La verdad es que una crítica bien fundamentada versará no únicamente sobre la forma del texto que se acaba de leer, sino también sobre el fondo. No se hablará aquí sobre teorías literarias para no alargar el artículo, basta con dejar claro que una crítica abarca, entre otras cosas, las siguientes: ortografía y gramática (como ya se mencionó y que es prácticamente lo único que suele considerarse), tiempo, personajes, trama, espacio, estructura, manejo de otros recursos narrativos y estilísticos, conocimiento y dominio de la temática y del género, y un gran etcétera. Al ser el fanfiction un poco menos formal en este sentido, el lector prácticamente puede comentar sobre lo que quiera, y su comentario tendrá valor dependiendo de lo bien sustentado que esté.
Un ejemplo (grosso modo):
Me ha encantado la historia, me parece bastante interesante. Sólo me gustaría hacerte un par de observaciones: revisa el uso de qué y que, porque noté que tienes problemas al utilizarlos. También me percaté que tienes problemas con la acentuación de los verbos en pretérito, ejemplo: recibió, habló. Ah, y otra cosa, me pareció que X estaba algo fuera de personaje (OOC) la verdad me parece que hubiera actuado más así que así. El enamoramiento de Y se percibió bastante forzado, creo que fue porque apresuraste los acontecimientos al final, y eso le quitó credibilidad. Z me parece un personaje débil, que le falta carácter, comparado con X y Y ha tenido muy poca evolución, además la mayoría del tiempo parece estar de más, al menos por el momento no veo su aporte a la trama. Y qué bueno que has remontado, porque en los últimos capítulos la trama fue débil, hubo poco avance, los personajes se quedaron estancados, no parabas de redundar en lo mismo, como si lo hicieran sólo para rellenar y que el capítulo quedara largo. Y por último, no olvides documentarte mejor, porque tal y tal cosa no es de tal cultura, además cuidado con los arcaísmos, abusas del pleonasmo y del símil, y deberías variar un poco más los verbos de acción.  Muchos ánimos, la historia promete y espero la continuación con ansias.

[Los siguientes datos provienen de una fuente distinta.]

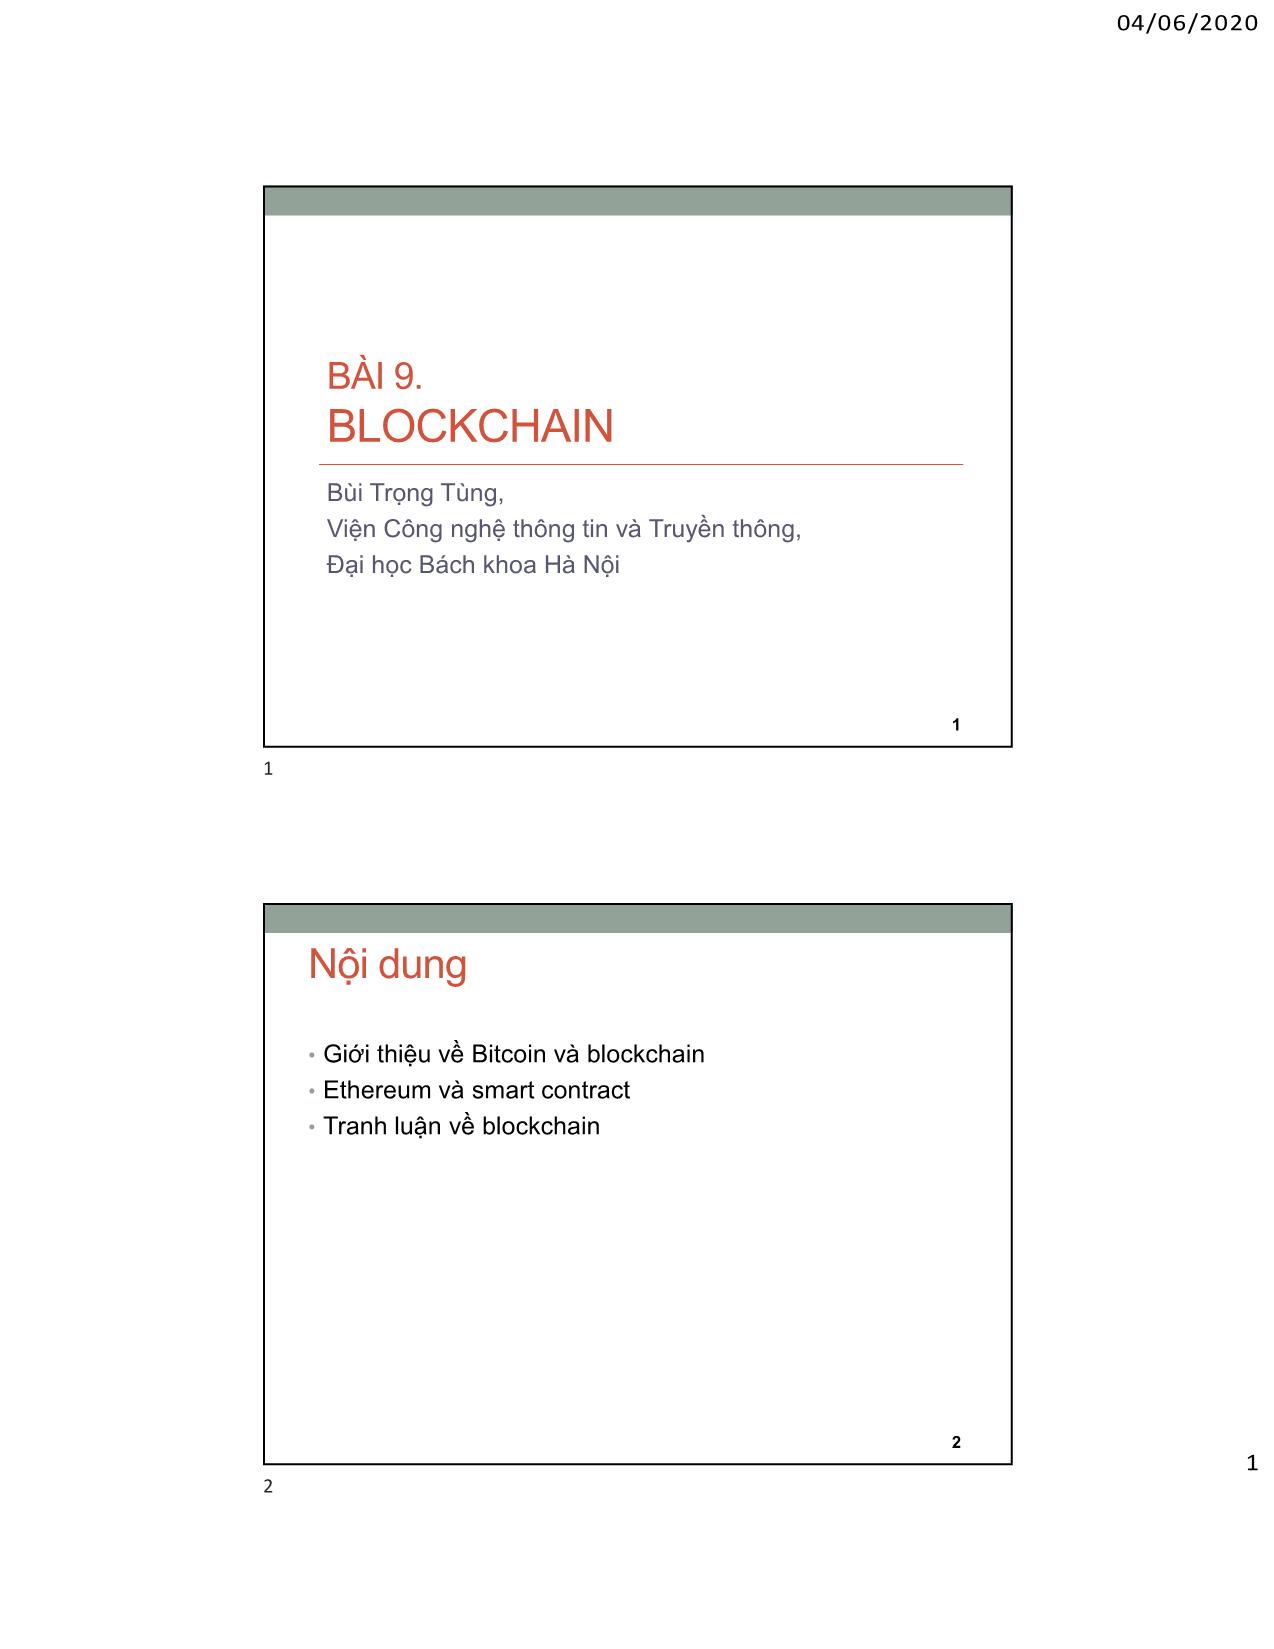 An ninh mạng máy tính - Bài 9: Blockchain trang 1
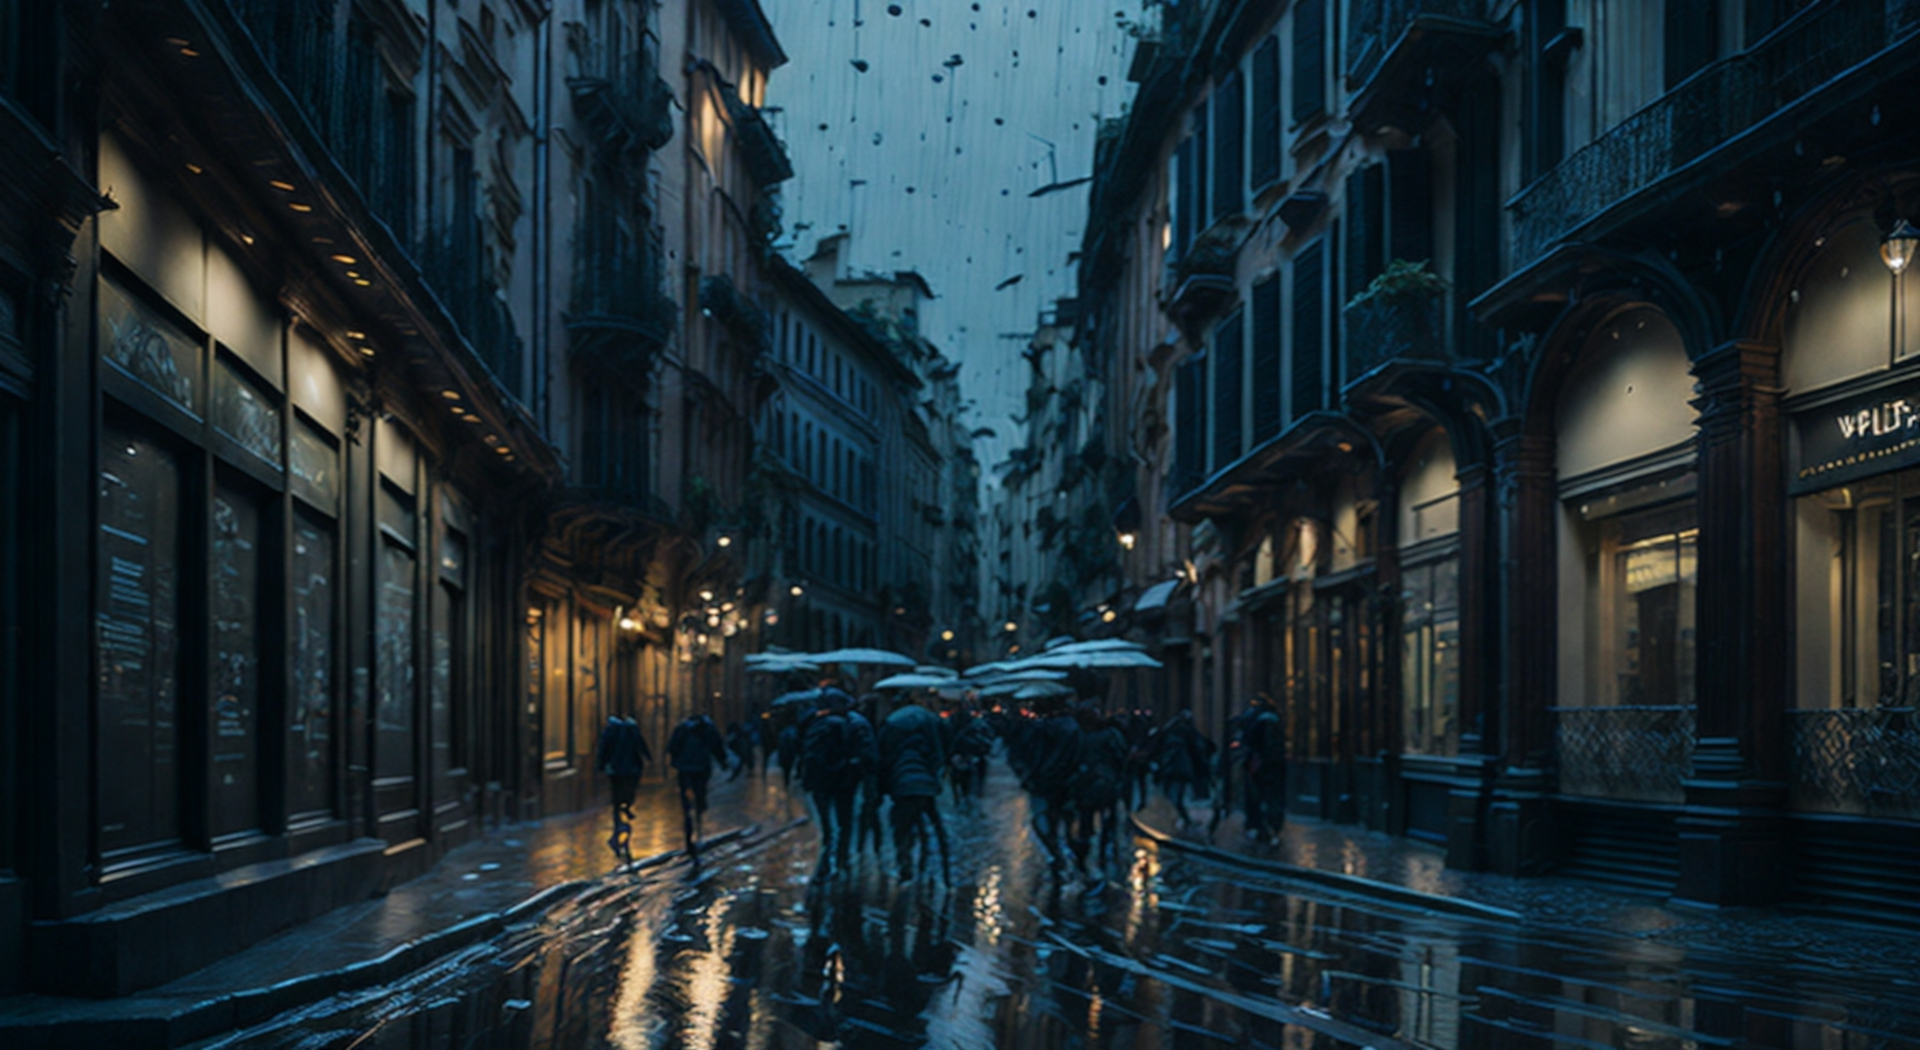 Viaggio nella Poesia: Milano sotto la pioggia

Como se mencionaba con anterioridad, esta clase de críticas/opiniones/comentarios elaborados es cada vez menos común, lo que hace que los autores se cierren o los tomen como comentarios ofensivos o ataques (incluso llegan a considerarlos personales), descartando sin una segunda mirada, el aporte del mismo; todo lo que no sea un «conti plz!» inevitablemente despertará sospechas, lo cual  hará que automáticamente adopten una postura defensiva en lugar de una más abierta, cuando debería ser este último el caso dado que un comentario de este tipo muestra el más sincero de los intereses: quiero que mejores. Si alguien se ha tomado el tiempo, las ganas y la seriedad para redactar un comentario bien fundamentado, es porque vio potencial que debe ser explotado o porque, como compañeros con aficiones similares, lo normal es querer apoyarte de manera sincera y real y no con alabanzas vagas y poco útiles. Un comentario de este tipo es la mejor forma de halago que se puede recibir, y ponerse a la defensiva y/o jugar al ofendido sólo denota un alto grado de inmadurez.
Ahora bien, en el caso de que sea un comentario mal intencionado tampoco tiene que exagerarse la magnitud del mismo. Los comentarios malintencionados, estén bien fundamentados o no (es decir, cuando la crítica constructiva se ve empañada por lenguaje malsonante con la clara intención de humillar), sirven para formar el carácter, lo que a la larga resulta de utilidad si lo que se planea es entrar en el mundo editorial, mucho más crudo que cualquier sitio de publicación gratuita en boga. 
No se debe olvidar nunca que no se tiene control sobres los lectores, que estos comentarán o no, y cuando lo hagan, lo harán cómo se les de la regalada gana. Asimismo, se tiene que tener el criterio y la madurez necesaria para no dejar que la escasez de comentarios desanime a niveles preocupantes; lo que también se necesita para no permitir que una gran cantidad de comentarios les eleven el ego y los cierre a experiencias de crecimiento mucho más variadas y enriquecedoras.  Si bien esto último no es la norma (al menos hasta el momento), se  presentan casos así, lo que desmotiva a las personas que se esmeran en redactar buenos comentarios, y esto de alguna manera hace que la cifra «lectores fantasmas» crezca. Así que la próxima vez que alguien se queje por la falta de comentarios, que no sólo señale a los lectores (claro que la falta de comentarios se ve influenciada por otros factores no tratados en este artículo), sino también, la madurez de la persona que los pide.

Seiren Nemuri.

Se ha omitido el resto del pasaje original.